* Extracted information:
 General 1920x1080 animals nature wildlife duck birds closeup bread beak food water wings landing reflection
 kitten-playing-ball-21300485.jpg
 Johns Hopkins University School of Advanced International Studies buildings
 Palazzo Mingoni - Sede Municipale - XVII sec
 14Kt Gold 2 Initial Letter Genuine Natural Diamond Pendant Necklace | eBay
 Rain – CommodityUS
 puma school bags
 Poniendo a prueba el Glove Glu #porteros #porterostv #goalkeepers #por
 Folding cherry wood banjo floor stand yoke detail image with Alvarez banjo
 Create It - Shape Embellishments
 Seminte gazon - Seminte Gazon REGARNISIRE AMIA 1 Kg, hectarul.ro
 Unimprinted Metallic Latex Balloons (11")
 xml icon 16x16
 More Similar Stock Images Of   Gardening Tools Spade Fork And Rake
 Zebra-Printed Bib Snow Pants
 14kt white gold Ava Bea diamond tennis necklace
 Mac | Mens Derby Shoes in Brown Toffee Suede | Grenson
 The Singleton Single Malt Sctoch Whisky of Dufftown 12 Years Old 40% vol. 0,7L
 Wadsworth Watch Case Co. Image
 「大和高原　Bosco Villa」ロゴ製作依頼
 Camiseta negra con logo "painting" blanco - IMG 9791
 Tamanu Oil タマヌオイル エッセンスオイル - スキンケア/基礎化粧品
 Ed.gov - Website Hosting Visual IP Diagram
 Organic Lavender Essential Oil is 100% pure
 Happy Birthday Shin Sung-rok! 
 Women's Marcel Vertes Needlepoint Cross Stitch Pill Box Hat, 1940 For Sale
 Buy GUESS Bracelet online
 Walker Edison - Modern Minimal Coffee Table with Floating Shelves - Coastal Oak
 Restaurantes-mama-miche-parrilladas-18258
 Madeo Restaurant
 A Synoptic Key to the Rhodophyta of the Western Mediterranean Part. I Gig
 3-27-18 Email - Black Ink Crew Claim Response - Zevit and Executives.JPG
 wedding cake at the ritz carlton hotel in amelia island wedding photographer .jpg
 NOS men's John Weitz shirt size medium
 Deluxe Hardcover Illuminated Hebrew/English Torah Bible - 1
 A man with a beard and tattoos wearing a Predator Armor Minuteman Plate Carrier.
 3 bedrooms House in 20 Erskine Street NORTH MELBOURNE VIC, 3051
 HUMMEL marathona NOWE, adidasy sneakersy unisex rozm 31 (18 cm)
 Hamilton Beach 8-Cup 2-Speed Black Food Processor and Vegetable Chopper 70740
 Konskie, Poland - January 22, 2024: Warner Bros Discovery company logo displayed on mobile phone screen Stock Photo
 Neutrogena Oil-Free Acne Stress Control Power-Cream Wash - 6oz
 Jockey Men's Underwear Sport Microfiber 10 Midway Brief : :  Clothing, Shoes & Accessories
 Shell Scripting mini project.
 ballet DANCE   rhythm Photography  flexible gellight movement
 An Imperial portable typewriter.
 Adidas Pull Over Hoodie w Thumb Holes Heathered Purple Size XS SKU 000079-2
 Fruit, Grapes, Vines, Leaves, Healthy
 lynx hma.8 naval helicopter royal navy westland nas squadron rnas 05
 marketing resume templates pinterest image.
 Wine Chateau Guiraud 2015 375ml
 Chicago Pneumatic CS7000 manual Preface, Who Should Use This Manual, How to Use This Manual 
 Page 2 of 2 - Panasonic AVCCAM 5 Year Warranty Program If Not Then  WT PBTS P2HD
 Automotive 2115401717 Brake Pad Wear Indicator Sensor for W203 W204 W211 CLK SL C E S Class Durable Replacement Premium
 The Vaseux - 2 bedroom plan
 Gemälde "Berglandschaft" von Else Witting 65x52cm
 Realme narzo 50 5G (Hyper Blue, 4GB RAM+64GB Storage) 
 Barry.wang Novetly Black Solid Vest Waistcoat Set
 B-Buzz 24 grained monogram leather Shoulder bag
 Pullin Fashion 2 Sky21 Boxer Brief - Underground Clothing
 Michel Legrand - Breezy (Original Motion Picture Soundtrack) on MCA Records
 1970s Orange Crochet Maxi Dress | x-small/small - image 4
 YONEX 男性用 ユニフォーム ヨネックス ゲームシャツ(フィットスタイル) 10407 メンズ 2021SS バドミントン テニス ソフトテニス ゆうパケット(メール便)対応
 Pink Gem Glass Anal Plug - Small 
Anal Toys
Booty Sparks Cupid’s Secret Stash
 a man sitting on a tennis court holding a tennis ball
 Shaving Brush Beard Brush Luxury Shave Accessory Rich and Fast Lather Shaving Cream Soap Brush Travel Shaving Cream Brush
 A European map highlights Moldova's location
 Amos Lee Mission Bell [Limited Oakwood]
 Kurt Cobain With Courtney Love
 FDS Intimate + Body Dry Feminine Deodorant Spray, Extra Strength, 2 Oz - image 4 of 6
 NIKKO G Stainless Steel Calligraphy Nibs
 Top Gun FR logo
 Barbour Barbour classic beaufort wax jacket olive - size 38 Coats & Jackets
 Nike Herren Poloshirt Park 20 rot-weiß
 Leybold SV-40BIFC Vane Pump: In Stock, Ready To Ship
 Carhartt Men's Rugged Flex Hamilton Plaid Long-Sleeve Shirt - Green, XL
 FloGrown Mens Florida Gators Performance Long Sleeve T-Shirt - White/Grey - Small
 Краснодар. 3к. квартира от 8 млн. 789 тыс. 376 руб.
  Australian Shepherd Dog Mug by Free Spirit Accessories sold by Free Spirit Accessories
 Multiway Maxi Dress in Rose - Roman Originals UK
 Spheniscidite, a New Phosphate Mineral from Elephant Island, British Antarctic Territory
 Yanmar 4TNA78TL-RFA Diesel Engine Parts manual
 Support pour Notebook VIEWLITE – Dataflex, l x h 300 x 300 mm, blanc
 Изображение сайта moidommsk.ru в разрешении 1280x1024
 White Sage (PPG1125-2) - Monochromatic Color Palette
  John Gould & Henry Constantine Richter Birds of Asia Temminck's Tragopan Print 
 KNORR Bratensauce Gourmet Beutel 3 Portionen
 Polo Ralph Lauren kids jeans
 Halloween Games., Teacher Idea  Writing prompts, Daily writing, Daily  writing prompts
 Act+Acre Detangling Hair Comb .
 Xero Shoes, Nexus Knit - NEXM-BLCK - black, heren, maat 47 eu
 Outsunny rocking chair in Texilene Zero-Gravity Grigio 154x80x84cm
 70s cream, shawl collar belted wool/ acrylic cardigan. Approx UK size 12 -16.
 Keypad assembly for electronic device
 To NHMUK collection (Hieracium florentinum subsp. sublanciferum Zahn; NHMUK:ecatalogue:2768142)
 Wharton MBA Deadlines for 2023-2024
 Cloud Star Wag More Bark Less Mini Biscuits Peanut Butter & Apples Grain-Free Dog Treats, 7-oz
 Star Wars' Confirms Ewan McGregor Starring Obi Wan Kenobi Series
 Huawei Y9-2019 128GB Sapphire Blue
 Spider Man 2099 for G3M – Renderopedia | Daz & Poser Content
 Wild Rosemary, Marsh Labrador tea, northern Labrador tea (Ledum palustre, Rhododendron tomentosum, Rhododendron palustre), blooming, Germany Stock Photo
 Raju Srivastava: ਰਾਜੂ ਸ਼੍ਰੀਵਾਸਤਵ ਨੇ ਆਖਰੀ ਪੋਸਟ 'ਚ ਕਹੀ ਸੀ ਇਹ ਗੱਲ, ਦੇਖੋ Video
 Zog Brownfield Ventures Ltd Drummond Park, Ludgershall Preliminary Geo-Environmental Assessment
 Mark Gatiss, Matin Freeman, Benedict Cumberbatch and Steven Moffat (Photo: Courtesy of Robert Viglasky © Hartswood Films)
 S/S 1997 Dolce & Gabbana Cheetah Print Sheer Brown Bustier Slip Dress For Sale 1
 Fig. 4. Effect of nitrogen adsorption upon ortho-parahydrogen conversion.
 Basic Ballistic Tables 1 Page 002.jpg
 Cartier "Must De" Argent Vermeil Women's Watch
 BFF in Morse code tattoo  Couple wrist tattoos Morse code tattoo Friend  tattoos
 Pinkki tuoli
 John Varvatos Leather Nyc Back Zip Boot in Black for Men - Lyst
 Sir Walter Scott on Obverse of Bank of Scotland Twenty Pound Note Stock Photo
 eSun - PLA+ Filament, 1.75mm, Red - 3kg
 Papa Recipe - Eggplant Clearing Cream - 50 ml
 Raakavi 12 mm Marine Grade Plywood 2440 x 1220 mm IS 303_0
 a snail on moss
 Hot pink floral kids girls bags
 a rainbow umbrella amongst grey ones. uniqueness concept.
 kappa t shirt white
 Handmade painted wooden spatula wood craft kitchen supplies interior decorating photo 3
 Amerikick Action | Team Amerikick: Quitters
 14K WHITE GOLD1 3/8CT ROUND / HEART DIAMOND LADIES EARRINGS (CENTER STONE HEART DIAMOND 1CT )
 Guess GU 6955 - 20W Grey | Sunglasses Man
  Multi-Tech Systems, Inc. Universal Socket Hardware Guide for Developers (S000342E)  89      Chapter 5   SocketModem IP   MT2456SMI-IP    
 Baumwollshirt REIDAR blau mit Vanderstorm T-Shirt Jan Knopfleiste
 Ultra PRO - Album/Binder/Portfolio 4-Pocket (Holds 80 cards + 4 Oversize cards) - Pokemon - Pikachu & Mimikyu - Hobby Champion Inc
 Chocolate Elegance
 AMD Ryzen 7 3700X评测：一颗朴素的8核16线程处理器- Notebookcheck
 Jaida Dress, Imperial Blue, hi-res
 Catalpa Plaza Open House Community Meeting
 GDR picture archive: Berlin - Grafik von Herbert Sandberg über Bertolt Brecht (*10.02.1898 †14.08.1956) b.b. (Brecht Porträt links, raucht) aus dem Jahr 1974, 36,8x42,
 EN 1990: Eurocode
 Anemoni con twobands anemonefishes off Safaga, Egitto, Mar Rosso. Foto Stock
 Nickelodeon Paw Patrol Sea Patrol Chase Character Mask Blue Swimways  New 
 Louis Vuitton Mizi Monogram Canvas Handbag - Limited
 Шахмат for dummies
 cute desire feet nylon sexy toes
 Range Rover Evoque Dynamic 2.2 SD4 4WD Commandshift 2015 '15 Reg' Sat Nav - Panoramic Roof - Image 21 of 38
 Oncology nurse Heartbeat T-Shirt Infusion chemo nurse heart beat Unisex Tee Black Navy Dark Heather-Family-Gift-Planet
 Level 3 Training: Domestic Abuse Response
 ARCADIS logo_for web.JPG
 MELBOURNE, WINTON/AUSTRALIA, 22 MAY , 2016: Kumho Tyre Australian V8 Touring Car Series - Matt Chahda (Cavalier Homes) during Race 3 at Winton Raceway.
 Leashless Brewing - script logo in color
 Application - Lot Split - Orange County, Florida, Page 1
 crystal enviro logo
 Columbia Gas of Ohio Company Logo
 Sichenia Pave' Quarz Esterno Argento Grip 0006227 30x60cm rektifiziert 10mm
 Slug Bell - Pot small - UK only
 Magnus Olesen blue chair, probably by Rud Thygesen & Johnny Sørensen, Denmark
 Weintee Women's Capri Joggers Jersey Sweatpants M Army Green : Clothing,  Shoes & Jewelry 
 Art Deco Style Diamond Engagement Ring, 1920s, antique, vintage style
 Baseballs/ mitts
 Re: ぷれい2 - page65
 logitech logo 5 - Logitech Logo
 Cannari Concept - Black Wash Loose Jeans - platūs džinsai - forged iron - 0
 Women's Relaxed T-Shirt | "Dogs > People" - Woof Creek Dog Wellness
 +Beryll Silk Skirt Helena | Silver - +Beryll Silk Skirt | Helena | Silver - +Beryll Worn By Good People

* Activity: Return only the lines between the one holding "Poniendo a prueba" and the one holding "Camiseta negra con", inclusive, exactly as they appear above.

* Solution to this task:
 Poniendo a prueba el Glove Glu #porteros #porterostv #goalkeepers #por
 Folding cherry wood banjo floor stand yoke detail image with Alvarez banjo
 Create It - Shape Embellishments
 Seminte gazon - Seminte Gazon REGARNISIRE AMIA 1 Kg, hectarul.ro
 Unimprinted Metallic Latex Balloons (11")
 xml icon 16x16
 More Similar Stock Images Of   Gardening Tools Spade Fork And Rake
 Zebra-Printed Bib Snow Pants
 14kt white gold Ava Bea diamond tennis necklace
 Mac | Mens Derby Shoes in Brown Toffee Suede | Grenson
 The Singleton Single Malt Sctoch Whisky of Dufftown 12 Years Old 40% vol. 0,7L
 Wadsworth Watch Case Co. Image
 「大和高原　Bosco Villa」ロゴ製作依頼
 Camiseta negra con logo "painting" blanco - IMG 9791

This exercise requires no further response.